CREATE TABLE TableName
([Id] int, [Fund] varchar(1), [Date] datetime, [Amount] int)
;
INSERT INTO TableName
([Id], [Fund], [Date], [Amount])
VALUES
(1, 'A', '2015-01-28 00:00:00', 250),
(2, 'A', '2015-01-28 00:00:00', 300),
(3, 'A', '2015-03-30 00:00:00', 400),
(4, 'A', '2015-03-30 00:00:00', 200),
(5, 'B', '2015-04-01 00:00:00', 500),
(6, 'B', '2015-04-01 00:00:00', 600)
;
this query using GROUP BY works:
SELECT MIN(Id) AS Id,
MIN(Fund) AS Fund,
[Date],
SUM(Amount) AS SumOfAmount
FROM dbo.TableName t
WHERE [Date] IN ('01/28/2015','03/30/2015','04/01/2015')
GROUP BY [Date]
Demo
Initially i have used Row_number and month function to pick max date of every month and in 2nd cte i did sum of amounts and joined them..may be this result set matches your out put
declare #t table (Id int,Fund Varchar(1),Dated date,amount int)

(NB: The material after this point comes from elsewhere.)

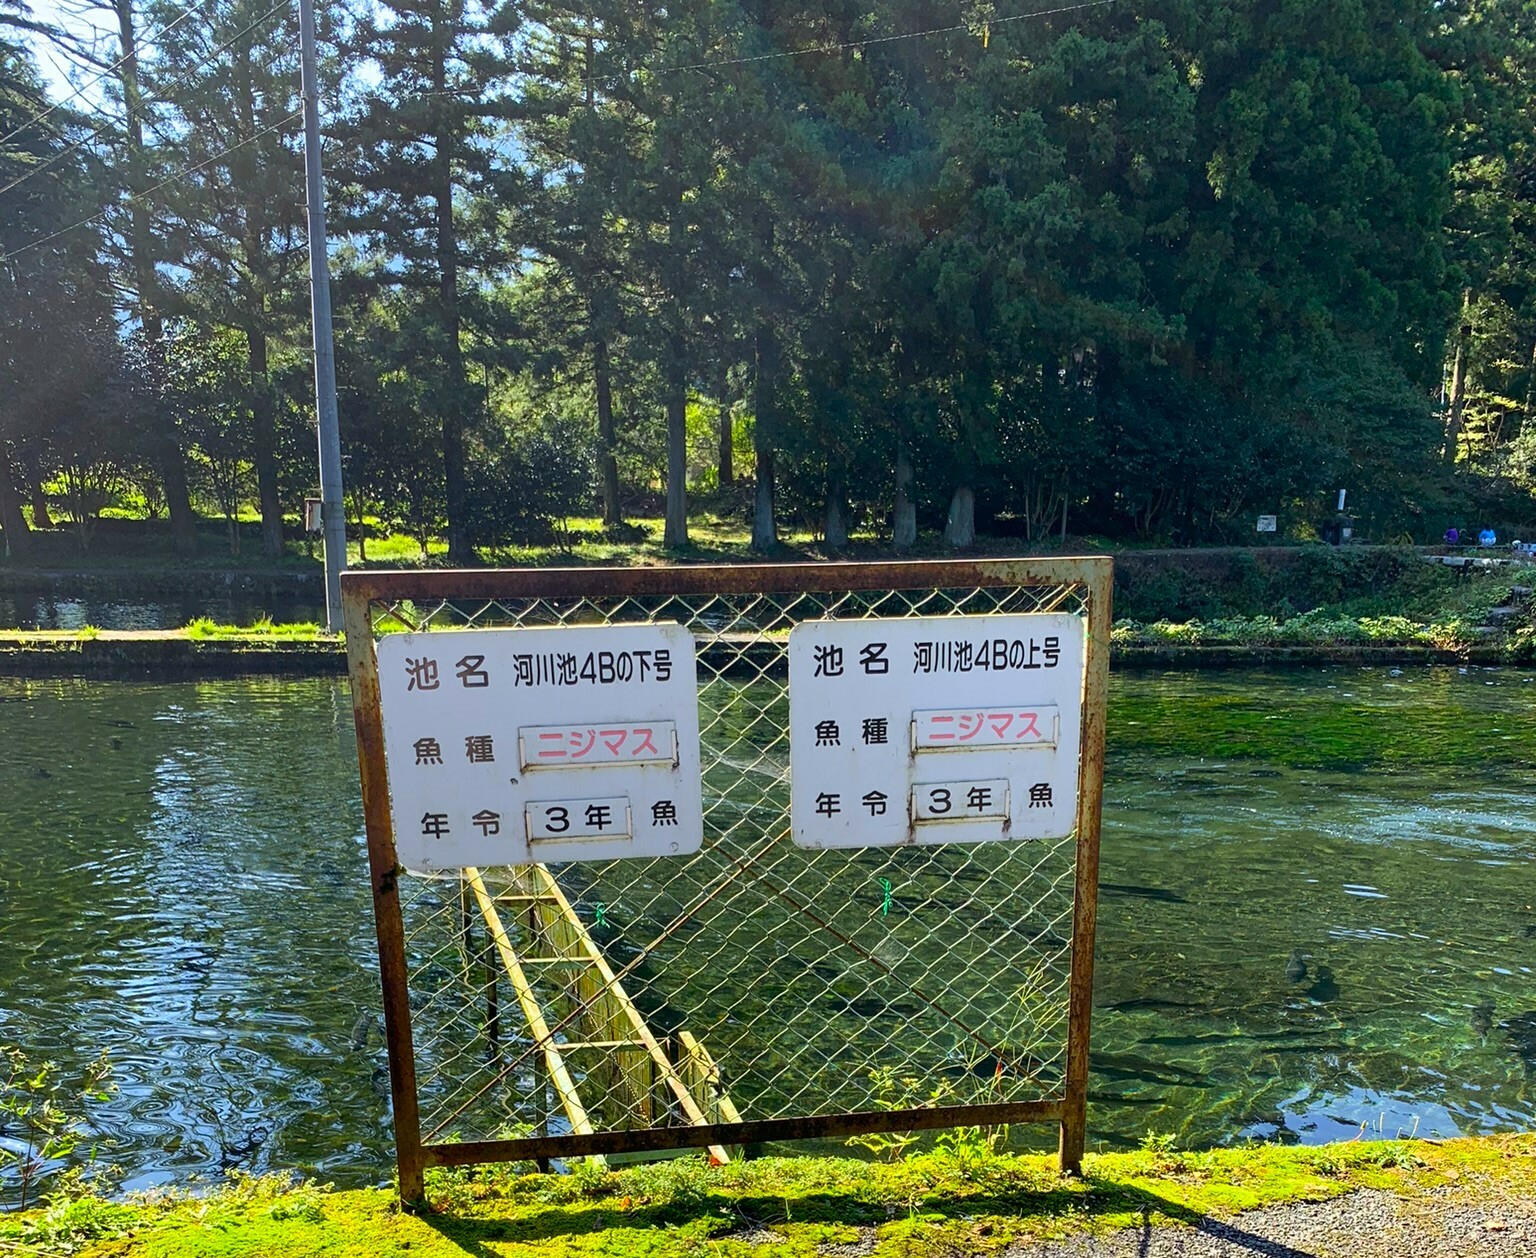 鱒池には池名と魚種、年齢が書かれた看板があります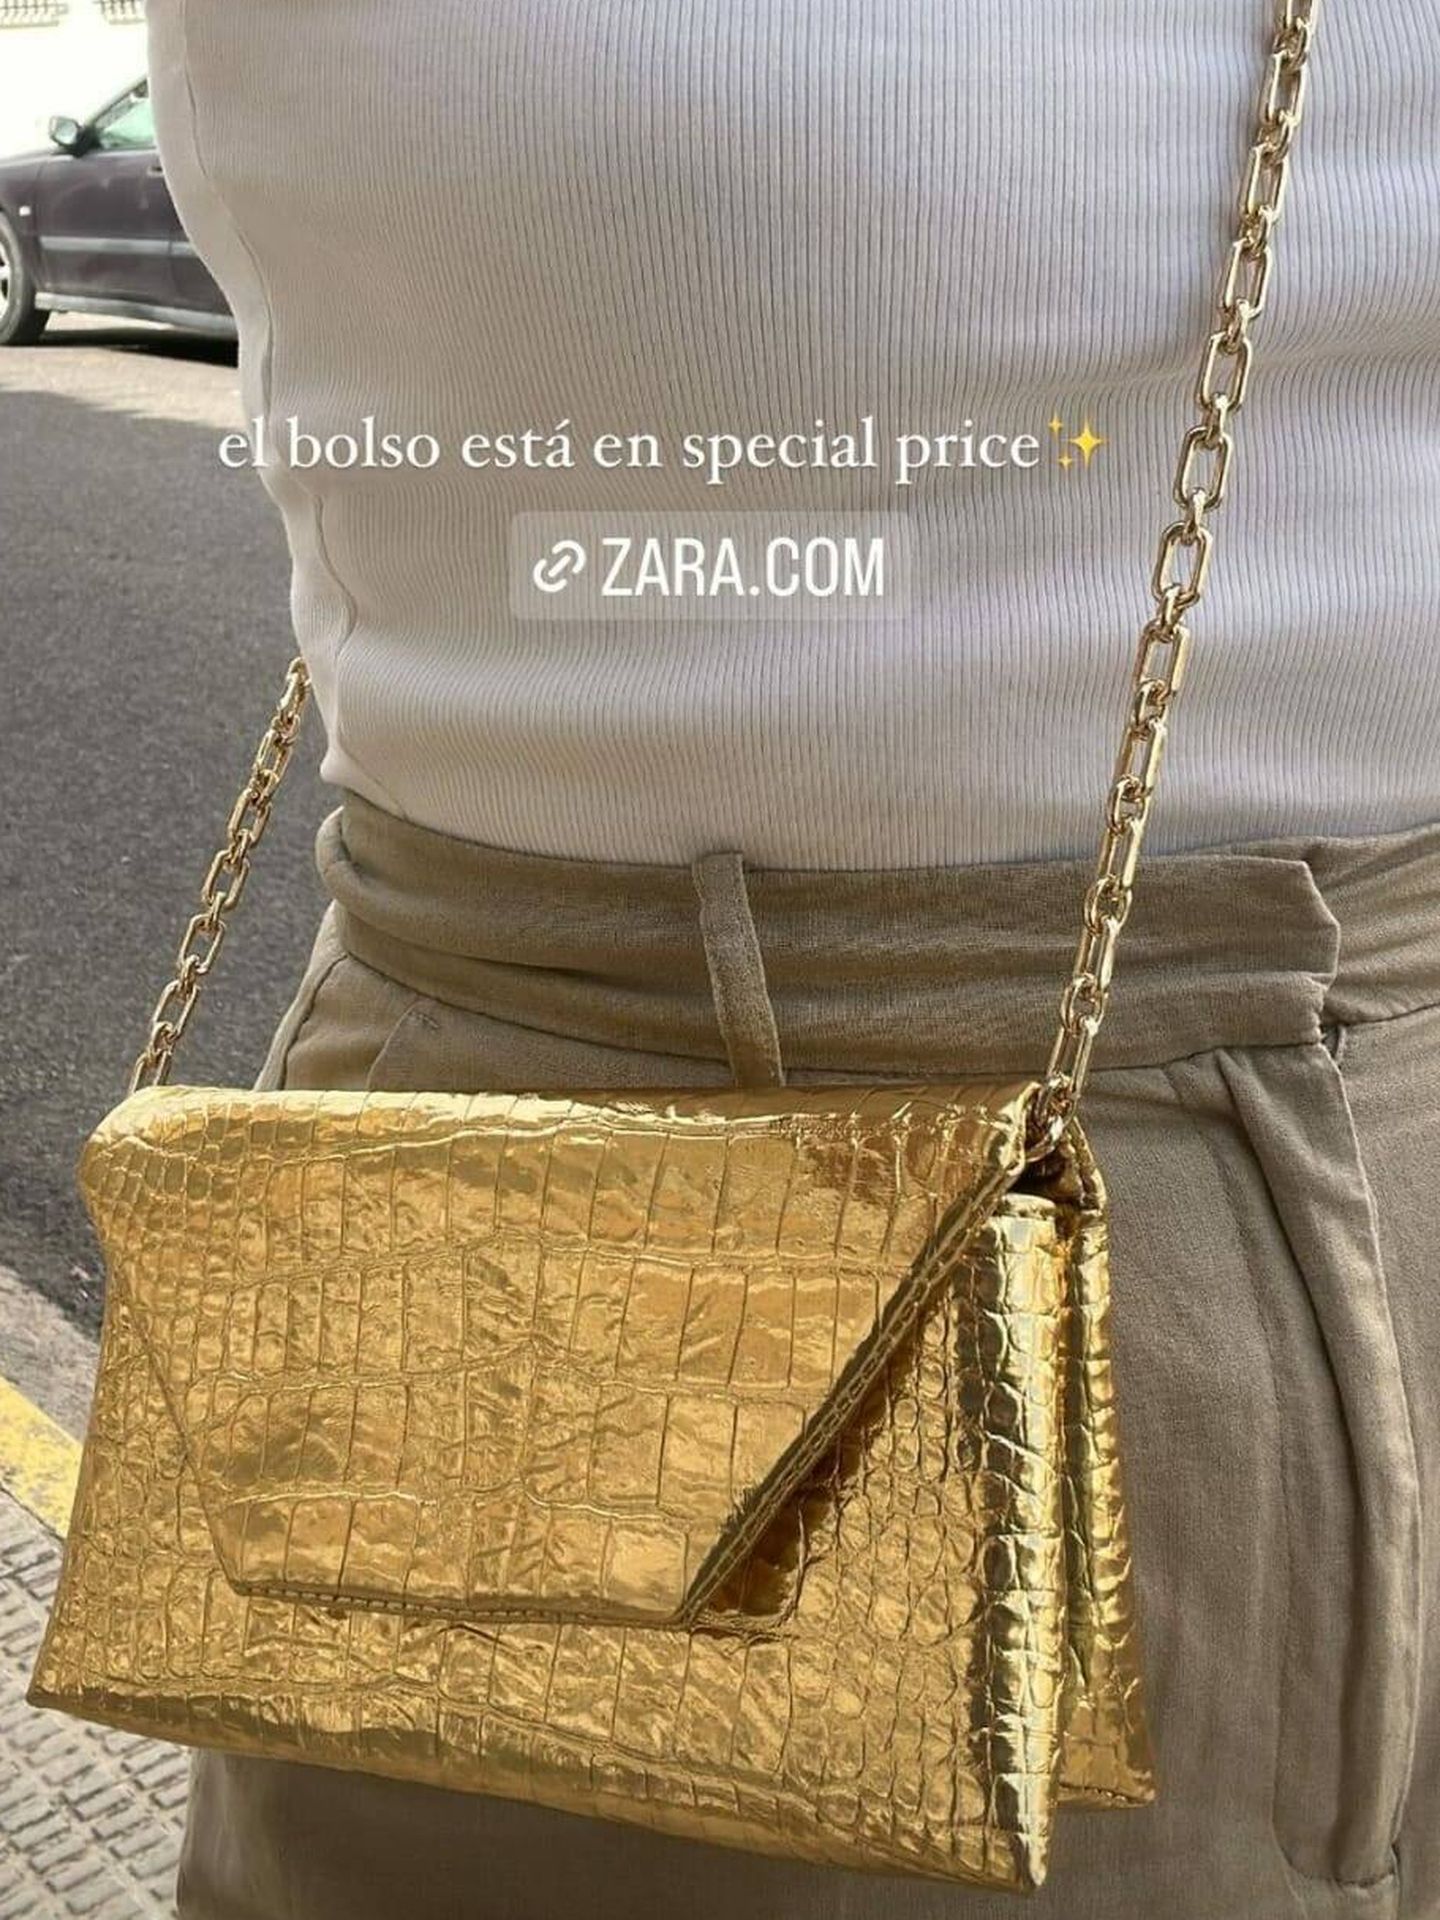 El bolso con de Zara que ya

insert into #t (id,Fund,dated,amount) values (1,'A','01/20/2015',250),
(2,'A','01/28/2015',300),
(3,'A','03/20/2015',400),
(4,'A','03/30/2015',200),
(5,'B','04/01/2015',600),
(6,'B','04/01/2015',500)
;with cte as (
select ID,Fund,Amount,Dated,ROW_NUMBER() OVER
(PARTITION BY DATEDIFF(MONTH, '20000101', dated)ORDER BY dated desc)AS RN from #t
group by ID,Fund,DATED,Amount
),
CTE2 AS
(select SUM(amount)Amt from #t
GROUP BY MONTH(dated))
,CTE3 AS
(Select Amt,ROW_NUMBER()OVER (ORDER BY amt)R from cte2)
,CTE4 AS
(
Select DISTINCT C.ID As ID,
C.Fund As Fund,
C.Dated As Dated
,ROW_NUMBER()OVER (PARTITION BY RN ORDER BY (SELECT NULL))R
from cte C INNER JOIN CTE3 CC ON c.RN = CC.R
Where C.RN = 1
GROUP BY C.ID,C.Fund,C.RN,C.Dated )
select C.R,C.Fund,C.Dated,cc.Amt from CTE4 C INNER JOIN CTE3 CC
ON c.R = cc.R
declare #TableName table([Id] int, [Fund] varchar(1), [Date] datetime, [Amount] int)
declare #Sample table([SampleDate] datetime)
INSERT INTO #TableName
([Id], [Fund], [Date], [Amount])
VALUES
(1, 'A', '20150120 00:00:00', 250),
(2, 'A', '20150128 00:00:00', 300),
(3, 'A', '20150320 00:00:00', 400),
(4, 'A', '20150330 00:00:00', 200),
(5, 'B', '20150401 00:00:00', 500),
(6, 'B', '20150401 00:00:00', 600)
INSERT INTO #Sample ([SampleDate])
values ('20150128 00:00:00'), ('20150330 00:00:00'), ('20150401 00:00:00')
-- select * from #TableName
-- select * from #Sample
;WITH groups AS (
SELECT [Fund], [Date], [AMOUNT], MIN([SampleDate]) [SampleDate] FROM #TableName
JOIN #Sample ON [Date] <= [SampleDate]
GROUP BY [Fund], [Date], [AMOUNT])
SELECT [Fund], [SampleDate], SUM([AMOUNT]) FROM groups
GROUP BY [Fund], [SampleDate]
Explanation:
The CTE groups finds the earliest SampleDate which is later than (or equals to) your
data's date and enriches your data accordingly, thus giving them the group to be summed up in.
After that, you can group on the derived date.